• _Work to be completed_
Find the line containing "Lercanidipin-HCL STADA® 20 mg" in the entries below. Reproduce that line and each one after it to the end, exactly, with no other lines.

• _Records shown_
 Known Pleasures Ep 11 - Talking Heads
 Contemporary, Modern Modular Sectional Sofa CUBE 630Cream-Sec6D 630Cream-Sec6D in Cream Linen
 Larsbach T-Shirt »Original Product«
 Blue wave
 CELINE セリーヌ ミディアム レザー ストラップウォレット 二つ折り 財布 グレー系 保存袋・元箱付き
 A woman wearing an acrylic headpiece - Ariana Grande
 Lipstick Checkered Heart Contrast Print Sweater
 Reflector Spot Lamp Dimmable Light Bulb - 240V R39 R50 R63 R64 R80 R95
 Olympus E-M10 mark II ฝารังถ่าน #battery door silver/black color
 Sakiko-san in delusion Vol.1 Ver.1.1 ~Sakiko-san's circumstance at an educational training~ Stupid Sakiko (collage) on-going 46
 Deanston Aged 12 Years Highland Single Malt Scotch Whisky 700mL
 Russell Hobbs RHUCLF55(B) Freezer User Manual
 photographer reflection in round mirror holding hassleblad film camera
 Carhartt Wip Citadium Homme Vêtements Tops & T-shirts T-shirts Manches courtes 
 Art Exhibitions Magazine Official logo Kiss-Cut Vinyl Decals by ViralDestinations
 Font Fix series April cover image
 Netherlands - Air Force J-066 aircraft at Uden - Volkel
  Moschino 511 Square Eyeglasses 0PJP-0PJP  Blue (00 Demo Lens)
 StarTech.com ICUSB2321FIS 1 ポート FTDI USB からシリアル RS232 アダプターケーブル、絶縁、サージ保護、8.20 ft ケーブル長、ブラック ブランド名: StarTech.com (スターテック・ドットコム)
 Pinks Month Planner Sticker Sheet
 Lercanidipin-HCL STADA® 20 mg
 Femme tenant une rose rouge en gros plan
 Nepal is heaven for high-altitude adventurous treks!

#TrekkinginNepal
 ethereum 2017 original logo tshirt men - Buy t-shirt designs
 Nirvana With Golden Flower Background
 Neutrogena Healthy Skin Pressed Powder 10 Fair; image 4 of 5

• _Result below_
 Lercanidipin-HCL STADA® 20 mg
 Femme tenant une rose rouge en gros plan
 Nepal is heaven for high-altitude adventurous treks!

#TrekkinginNepal
 ethereum 2017 original logo tshirt men - Buy t-shirt designs
 Nirvana With Golden Flower Background
 Neutrogena Healthy Skin Pressed Powder 10 Fair; image 4 of 5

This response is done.